Writing in the journal Nature, Jun Takeuchi and Benoit Bruneauat at the Gladstone Institute of Cardiovascular Disease have now identified a cocktail of three proteins that can turn mouse mesoderm into cardiac muscle cells (cardiomyocytes). Mesoderm is one of the three primary germ cell layers in the very early embryo – the others are the ectoderm and the endoderm – that can differentiate to give a number of tissues such as bone, blood, and muscle, including heart muscle. The three key proteins are the cardiac transcription factors, GATA4 and TBX5, which are believed to be involved in heart development and function, and a cardiac-specific subunit of BAF chromatin-remodelling complexes, Baf60c. Defects in the genes for these proteins have been linked to abnormal development and defects in the heart.

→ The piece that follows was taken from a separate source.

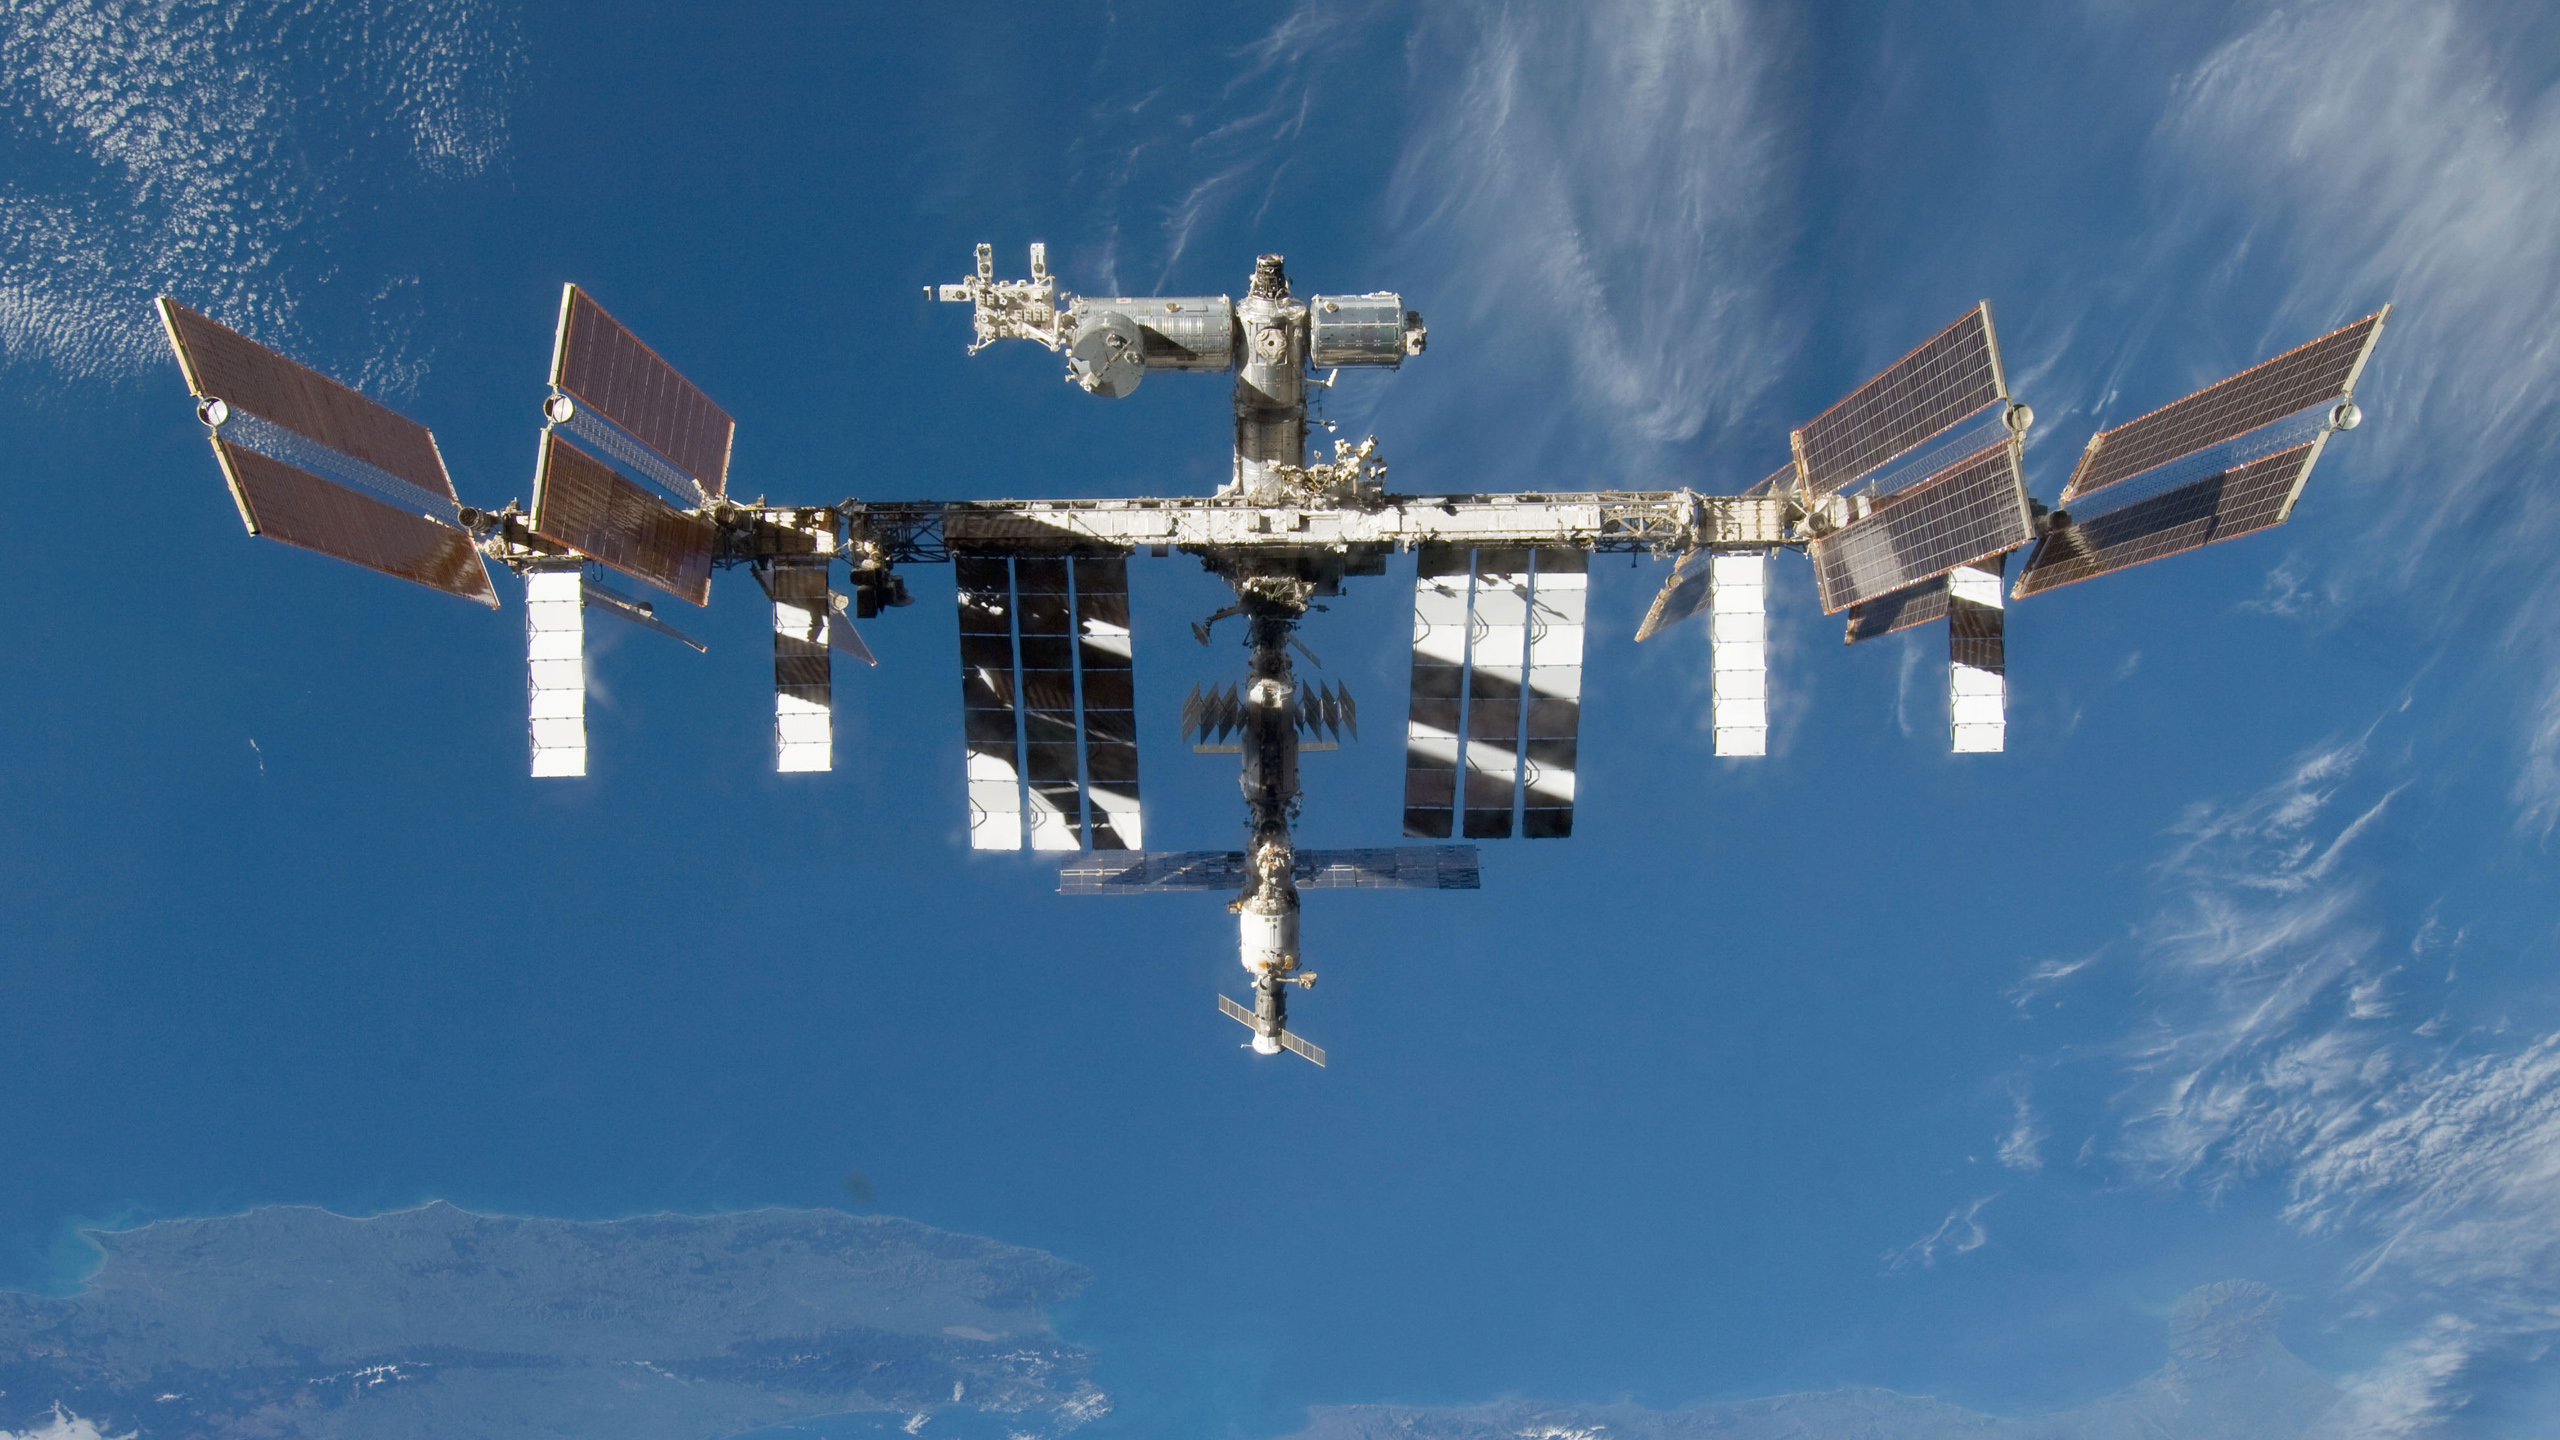 International space station hd wallpaper background - Space station wallpaper ...

A combination of all three proteins was shown to direct differentiation of mouse mesoderm specifically into cardiac muscle cardiomyocytes that beat rhythmically, just like normal heart cells. Although, so far, only cells from very early mouse embryos have been turned into cardiomyocytes, Takeuchi and Bruneauat hope that their work will help to understand how new cardiomyocytes can be produced for use in regenerative medicine to treat heart disease.

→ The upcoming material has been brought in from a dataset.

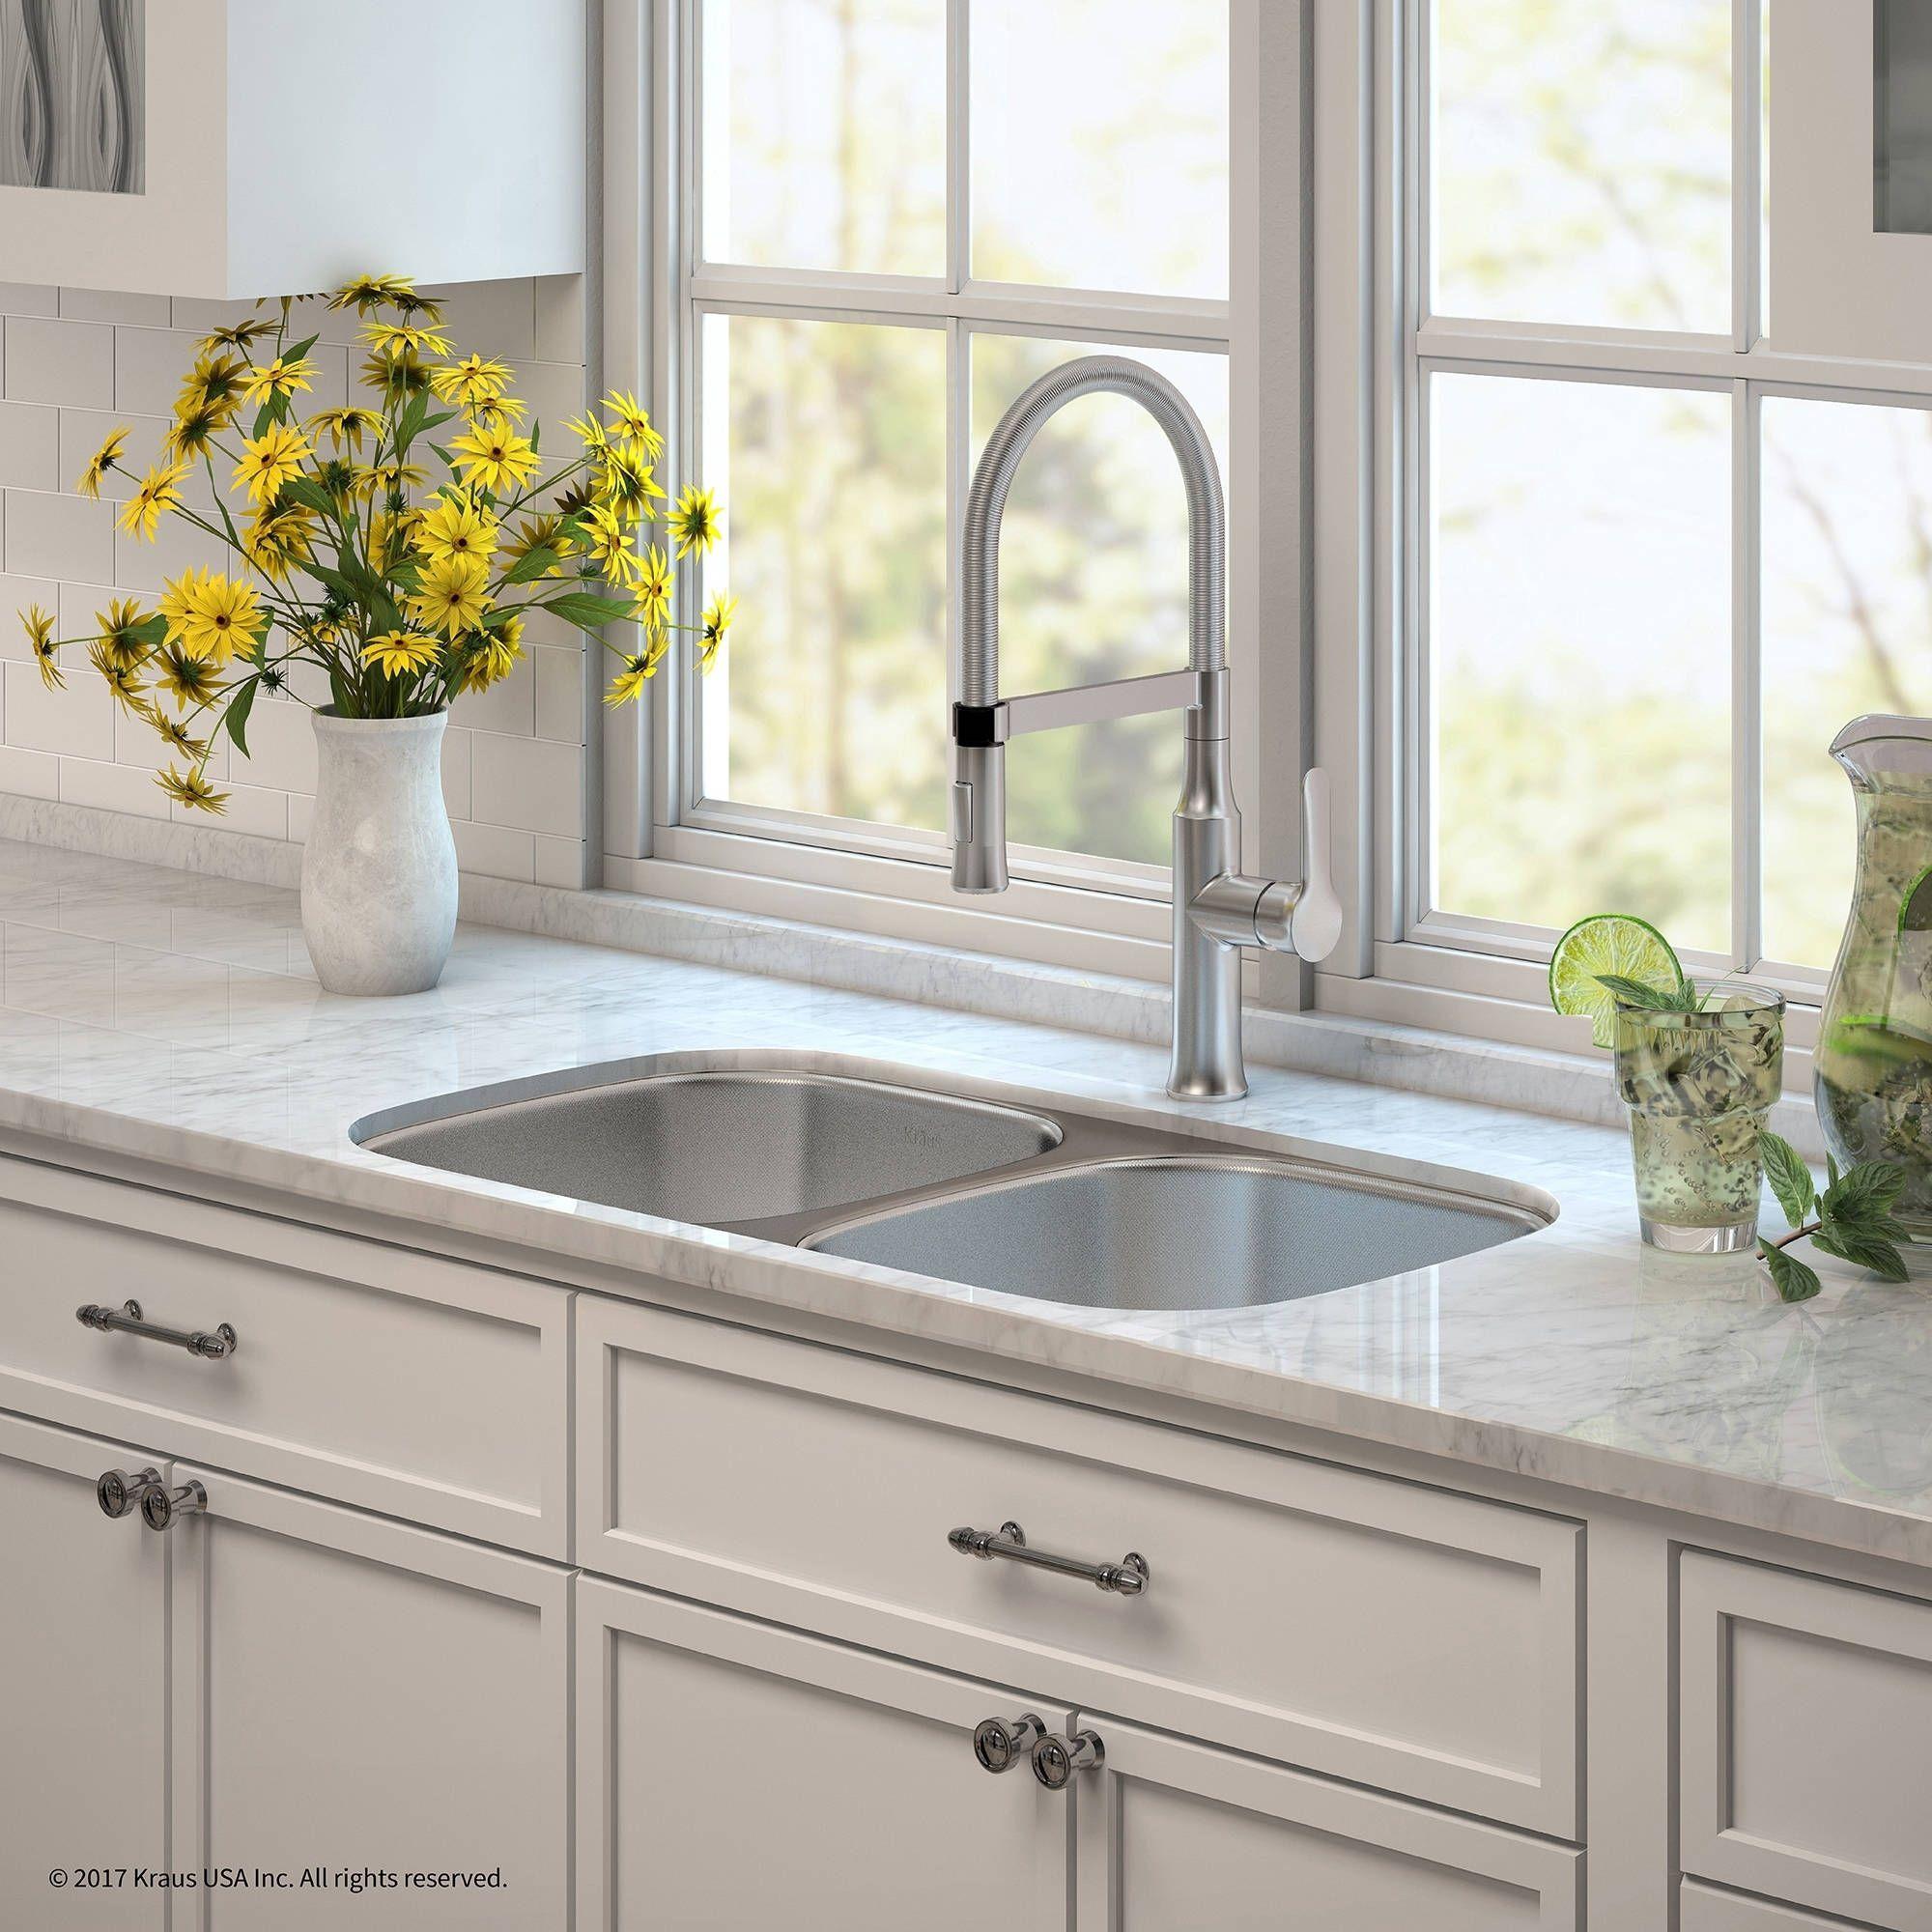 Kraus 32 Kitchen Sink & Nola Commercial Faucet With Soap Dispenser Gorgeous Undermount Kitchen Sink Inspiration Design

A new discovery increases the likelihood that treatments could eventually boost specific subtypes of stem cells, and promote self healing following injury or disease. In response to tissue injury or disease, progenitor cells are mobilised from bone marrow into the tissues and contribute to tissue repair and regeneration. Different subpopulations of progenitor cells are recruited depending on the type and site of disease or tissue injury. Although it is becoming apparent that specific types of progenitor cells could be used to treat a variety of diseases, there are practical and technical difficulties in harvesting, isolation, ex vivo expansion, and delivery of these cells. An alternative strategy would be to directly stimulate the mobilisation of specific populations of stem cells from the bone marrow into the circulation. Scientists at Imperial College, London, have shown that the mobilisation of progenitor cell subsets can be differentially regulated by growth factors that affect their retention in bone marrow and cell-cycle status. Treatment of mice with granulocyte colony-stimulating factor (G-CSF) followed by the CXCR4 antagonist, Mozobil™ (AMD3100), caused maximal mobilisation of hematopoietic stem cells (HPCs) and neutrophils. On the other hand, treatment with vascular endothelial growth factor (VEGF) followed by Mozobil™ maximally stimulated mobilisation of endothelial progenitor cells (EPCs) and stromal progenitor cells (SPCs). By showing that different factors and molecular mechanisms regulate the mobilisation of discrete populations of progenitor cells from the bone marrow, the study has far reaching implications for regenerative medicine. Although it is not yet clear whether such an approach would, for example, speed cardiac repair following myocardial infarction or promote bone healing after a fracture, the ability to selectively mobilise different stem cell populations will enable further research in these areas. The study is published in full in the January 9th issue of Cell Stem Cell.